## 2010. október 26., kedd

### Draw a filled circle using ScanLine

Problem/Question/Abstract:

I am looking for some code to draw a filled circle on a bitmap or change colors of pixels within a circle on it, using Bitmap.Scanline. Any suggestions or ideas on how to do this, the edges need to be perfect and it has to be fast.

Perfect edges mean you will have to work with an alpha channel and do anti-aliasing. This means, that you either have to use a 32-bit bitmap (see e.g. Graphics32) or you have to first draw the background image in the bitmap and directly blend it when rendering the circle. Next question: do you want to use integer precision or floating point precision for the circle properties like center point and diameter? If you use integer, you only have to draw 1/8 of the circle and the rest can be copied/mirrored/flipped around. Assuming floating point, and a grayscale bitmap, here's an approach:

CX, CY: center of circle (single)
F: feather size (the number of pixels used as blend area, usually 1 pix) (single)
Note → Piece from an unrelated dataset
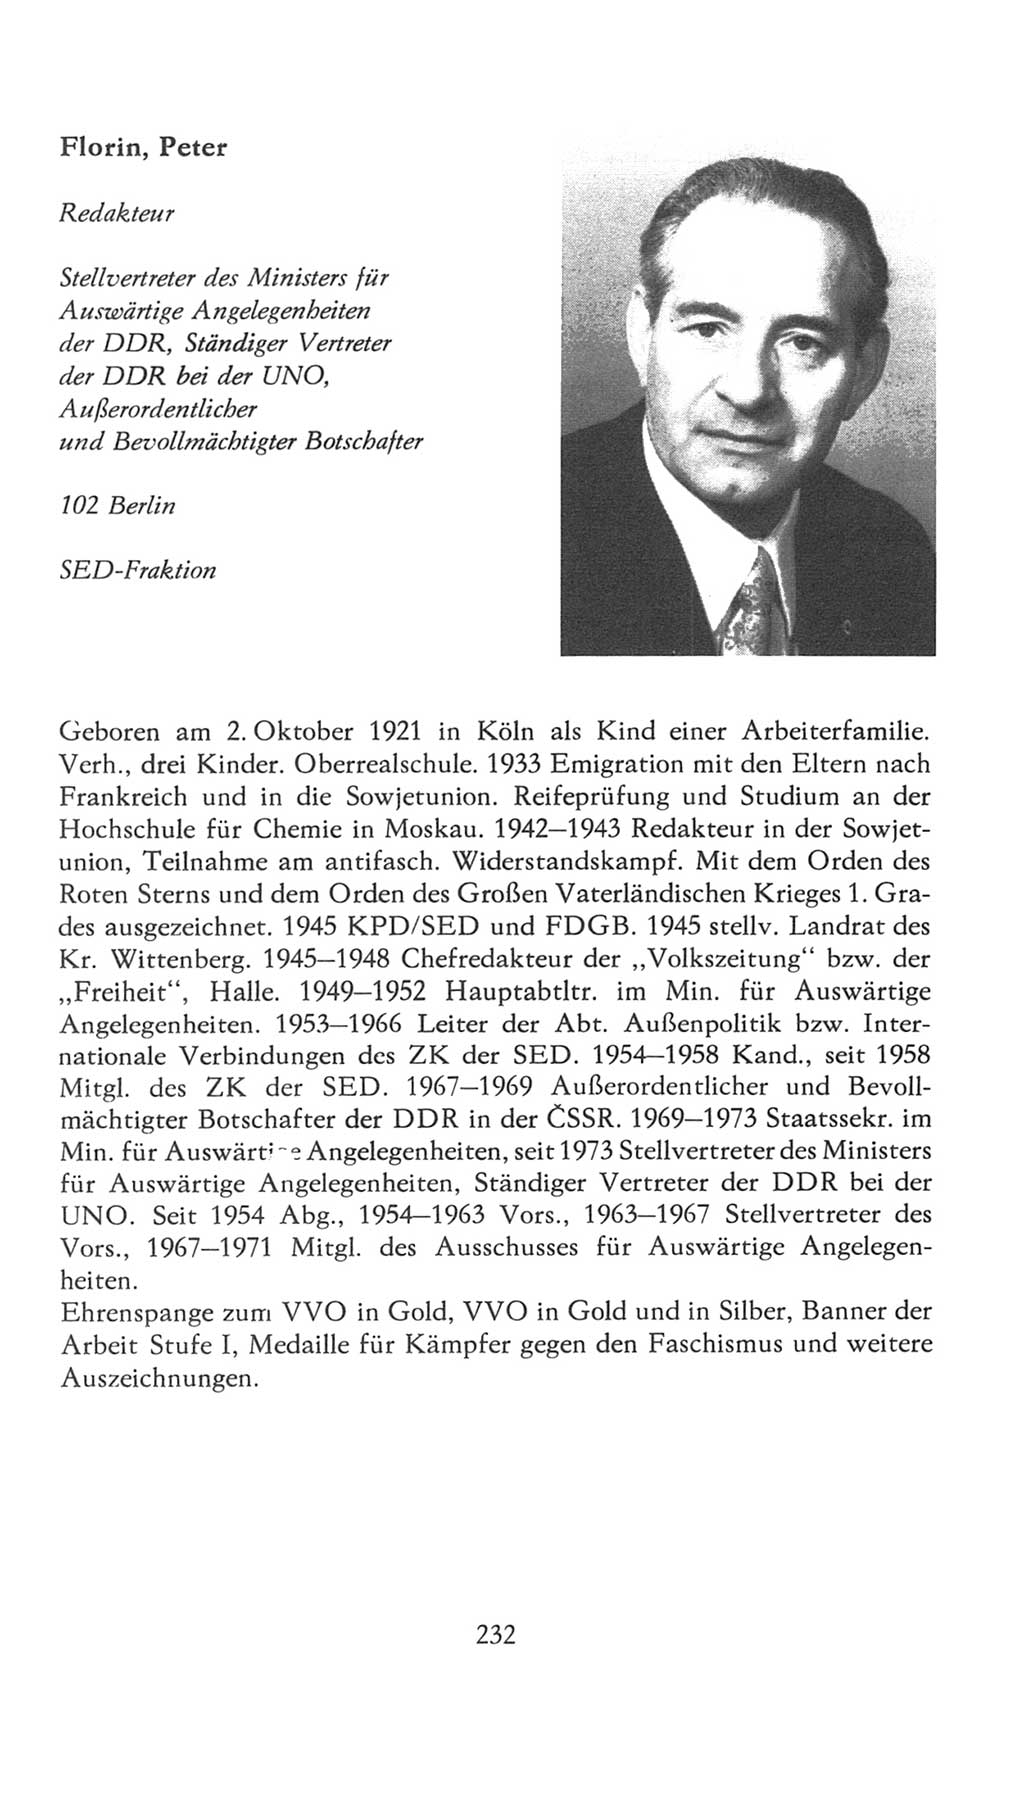 Volkskammer (VK) der Deutschen Demokratischen Republik (DDR), 7. Wahlperiode 1976-1981, Seite 232 (VK. DDR 7. WP. 1976-1981, S. 232)

Determine bounds in Y (integers):
LX := floor(CX - R - F * 0.5);
RX := ceil(CX + R + F * 0.5);
LY := floor(CY - R - F * 0.5);
RY := ceil(CY + R + F * 0.5);

RPF2 = sqr(R + F/2);
RMF2 = sqr(R - F/2);

{ ... }
var
P: PByteArray
sqdist: single;
{ ... }
{Loop through Y values}
{for y := LY to RY do begin -> not very safe}
for y := max(LY, 0) to Min(RY, Bitmap.Height - 1) do
P := Bitmap.Scanline[y];
{Loop through X values}
for x := Max(LX, 0) to Min(RX, Bitmap.Width - 1) do
begin
{Determine squared distance from center for this pixel}
sqdist := sqr(y - CY) + sqr(x - CX); {Or use hypot() function}
{Inside outer circle?}
if sqdist < RPF2 then
begin
{Inside inner circle?}
if sqdist < RMF1 then
{Inside the inner circle.. just give the scanline the new color}
P[x] := 255
else
begin
{We are inbetween the inner and outer bound, now mix the color}
Fact := Max(0, Min(255, round(((R - sqrt(sqdist)) * 2 / F) * 128 + 128)));
P[x] := (255 - Fact) * P[x] + Fact;
end;
end;
{ ... }

This algorithm is optimized a bit but could be made faster probably. Untested!